HOW TO COMPLETE THIS TASK = Each line from the one containing "Phoenix wallpaper by" through the last line of the data below should be printed exactly, please, with any pictures omitted.

DATA =
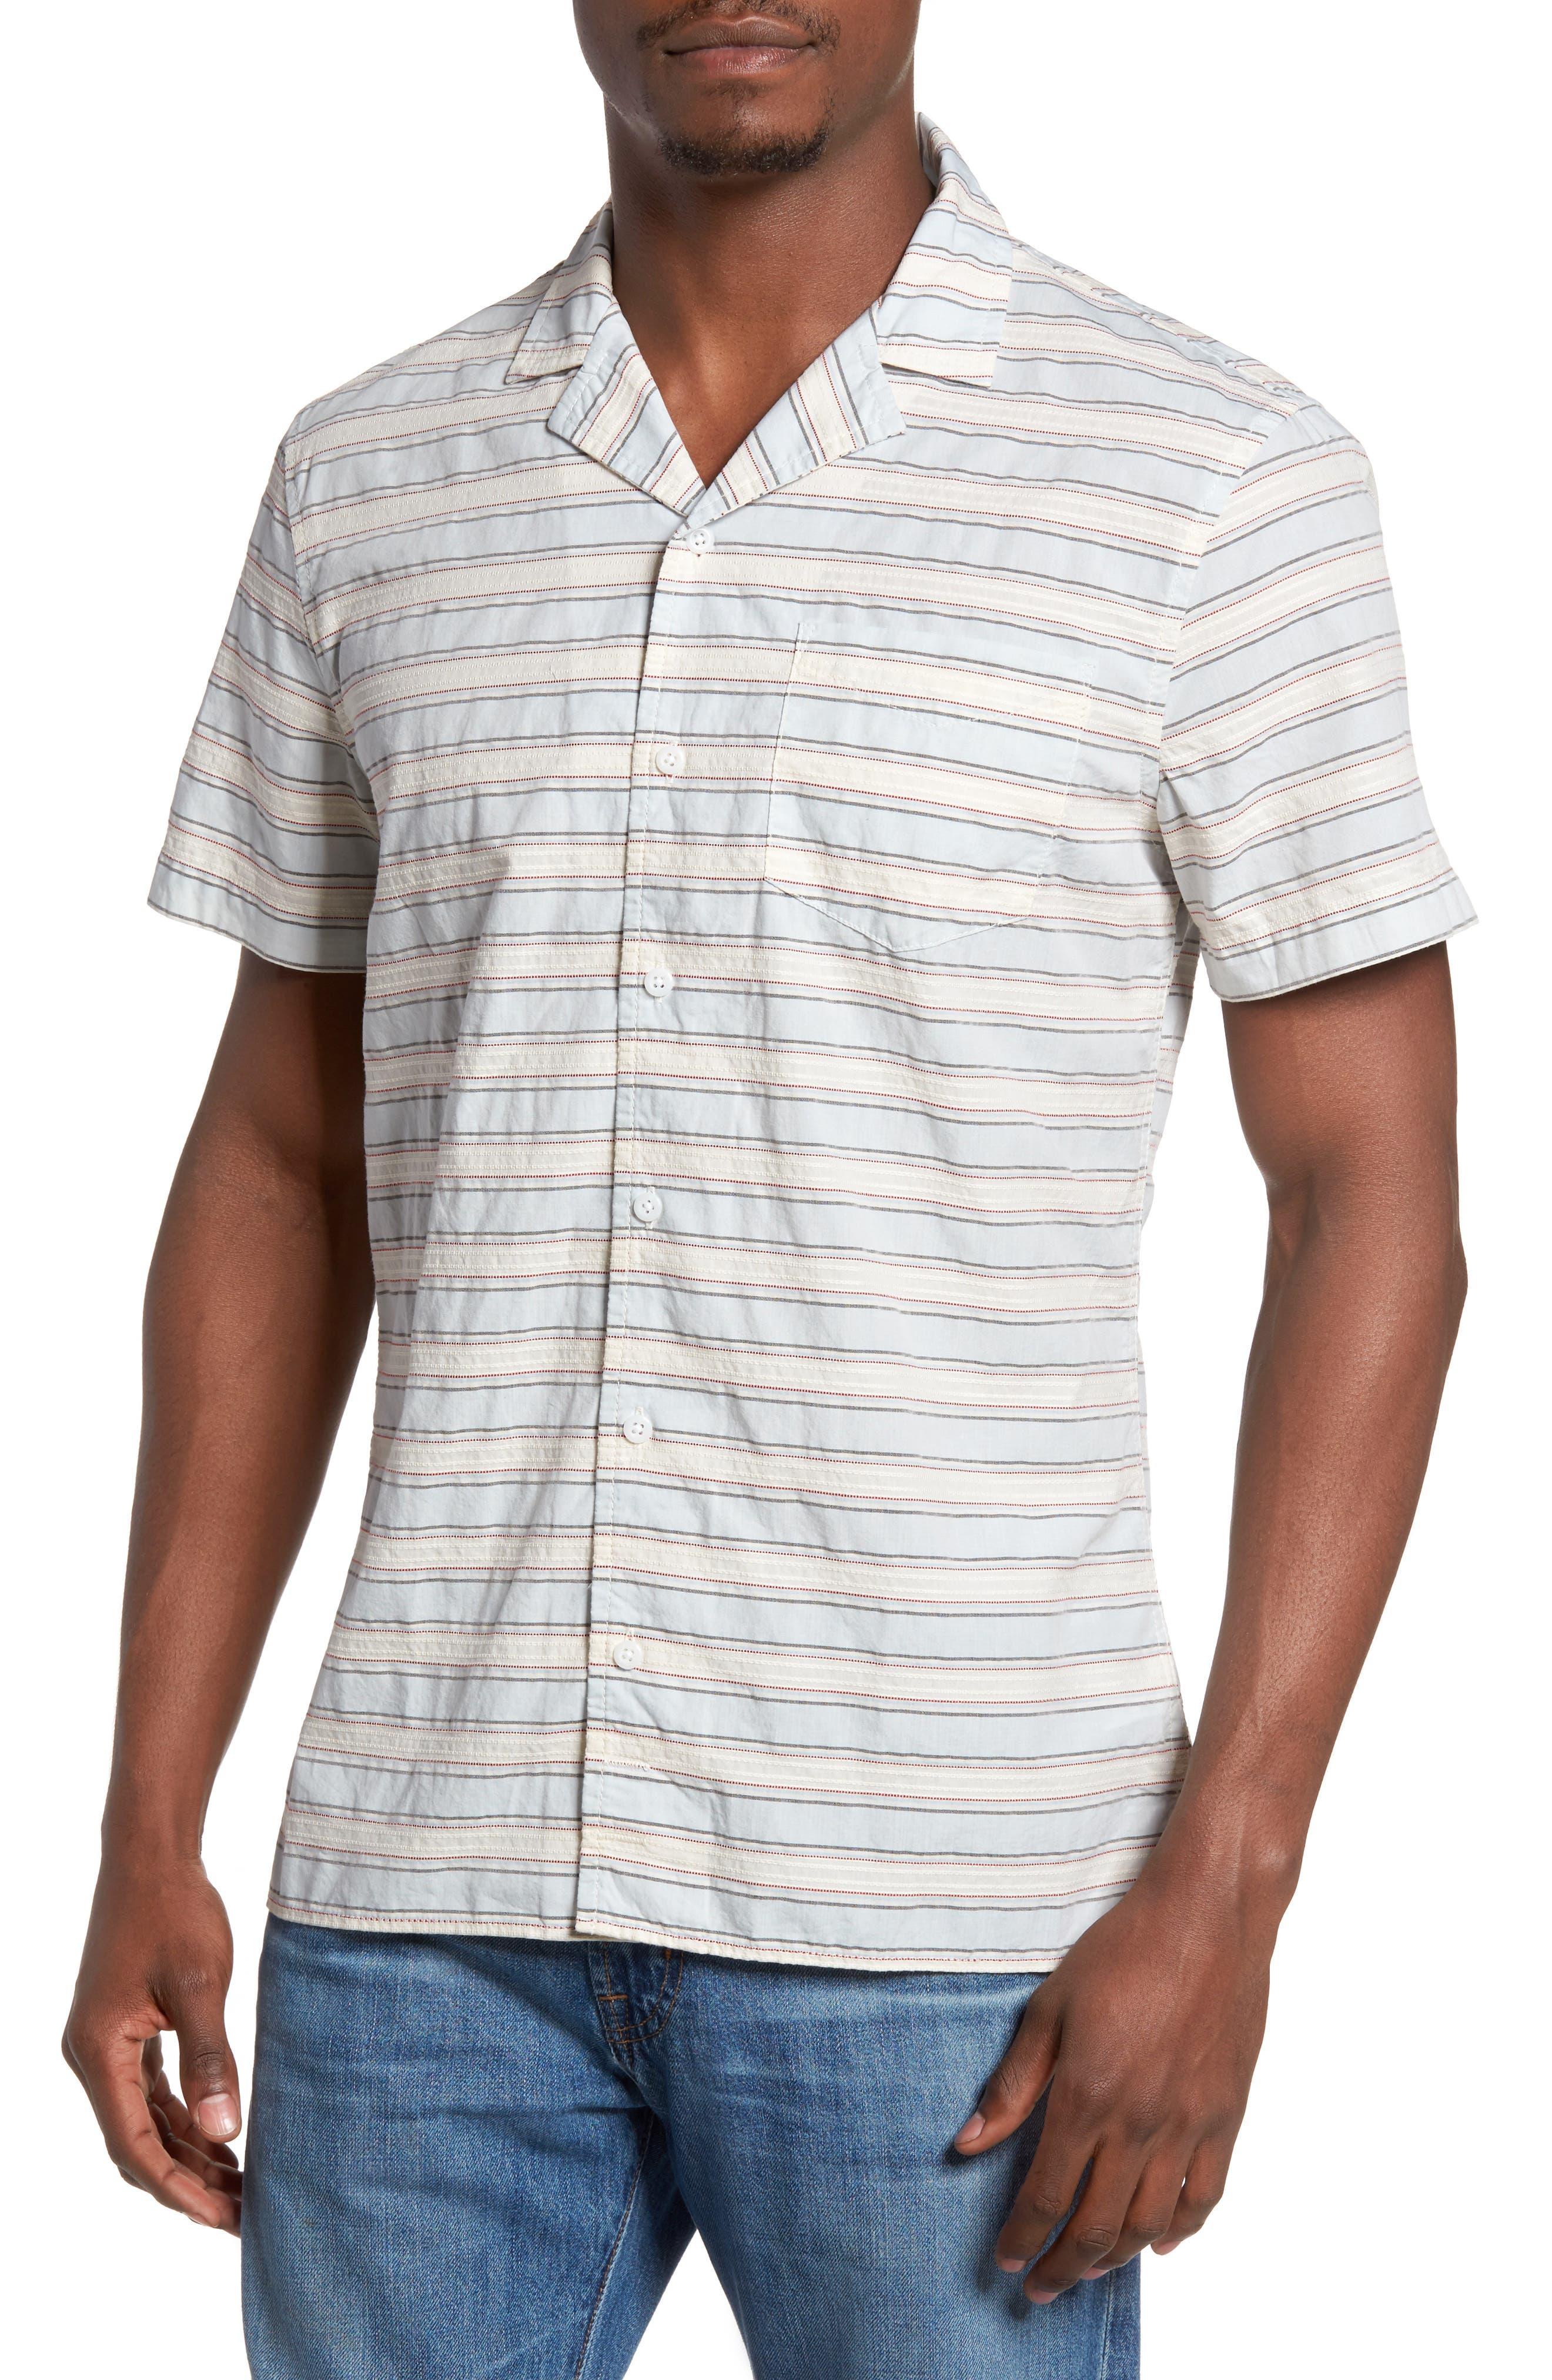 Alternate Image 1 Selected - 1901 Jacquard Stripe Camp Shirt
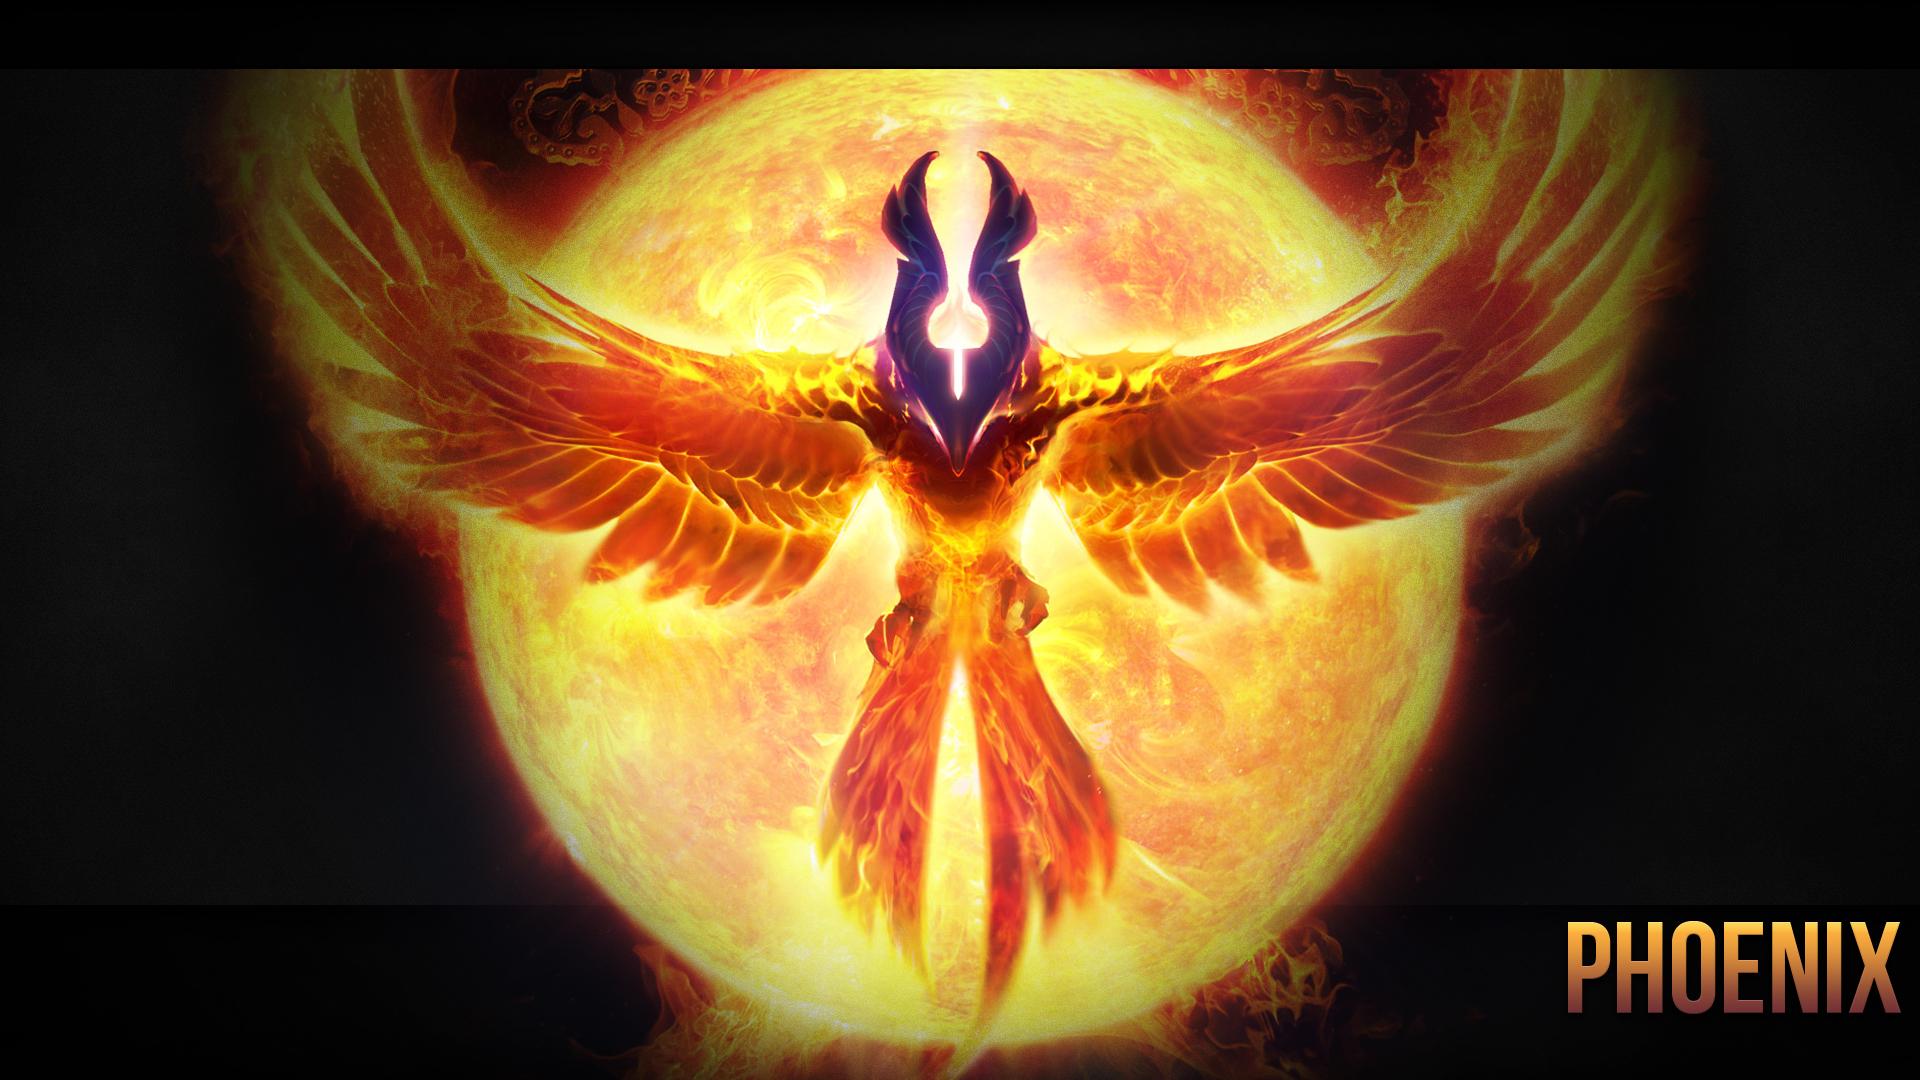 Phoenix wallpaper by imkb on deviantart - Photo de phenix ...
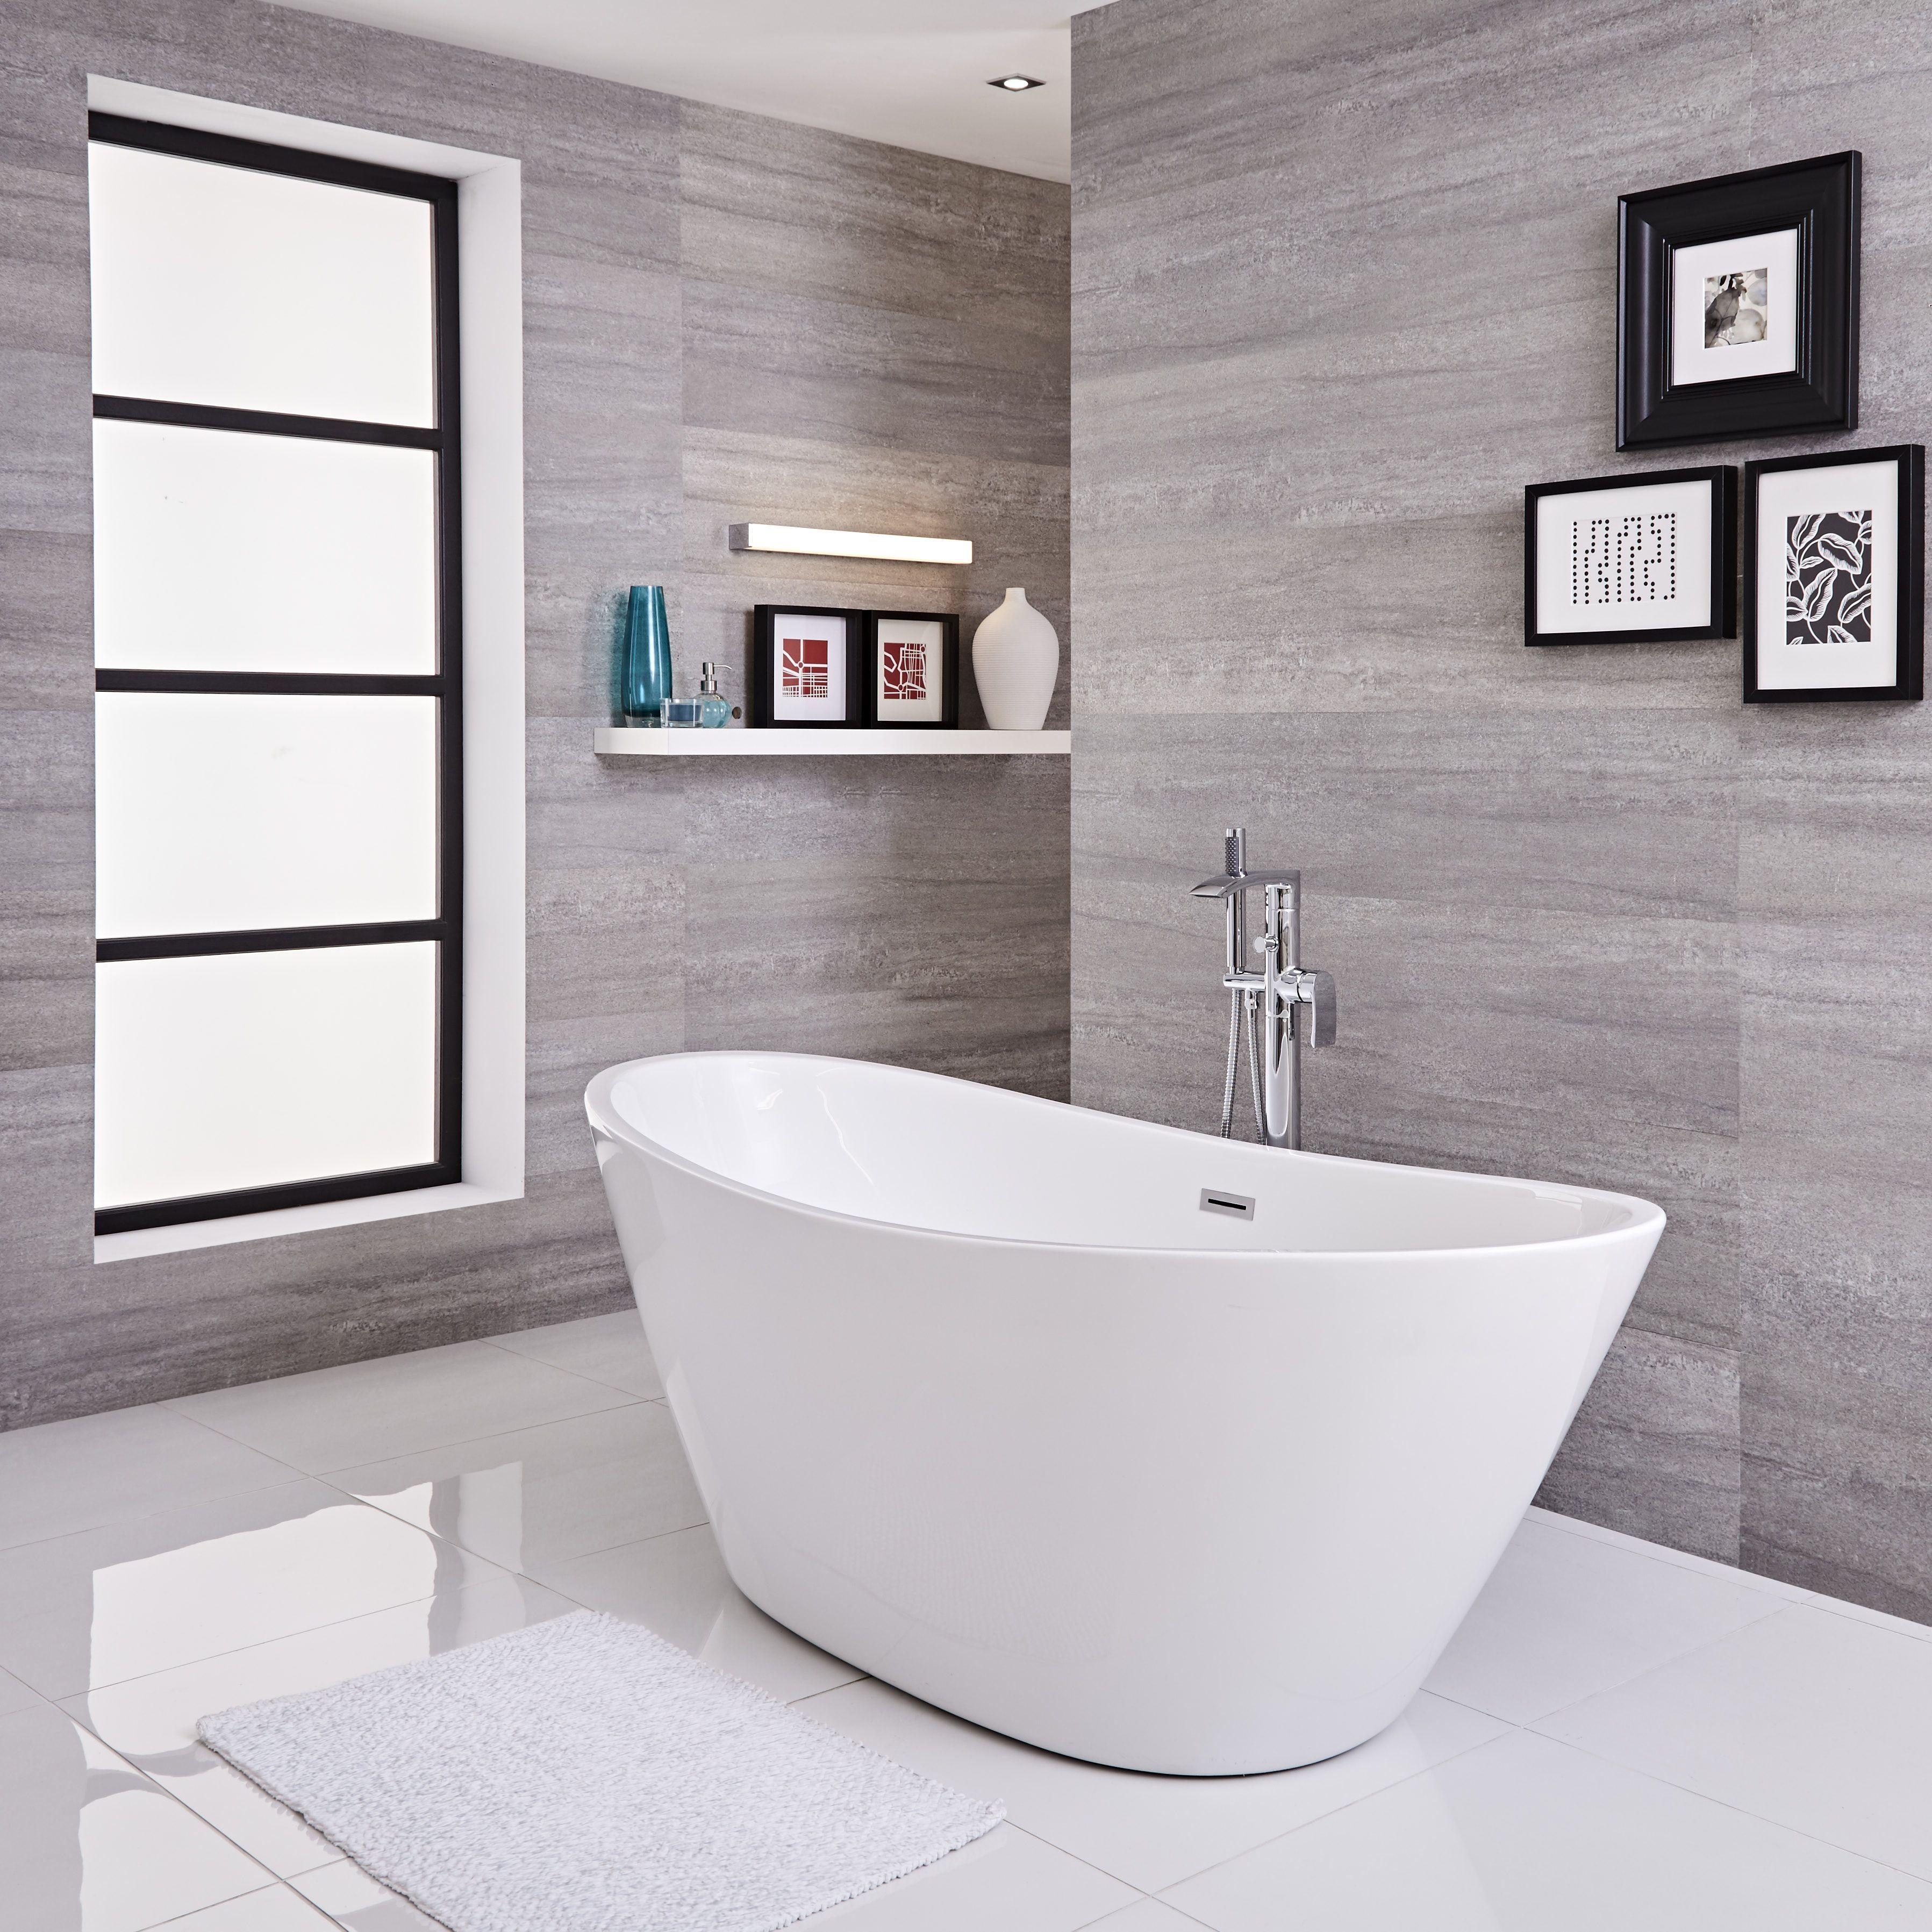 38++ Salle de bain ilot ideas in 2021

ANSWER BOX =
 Phoenix wallpaper by imkb on deviantart - Photo de phenix ...
 38++ Salle de bain ilot ideas in 2021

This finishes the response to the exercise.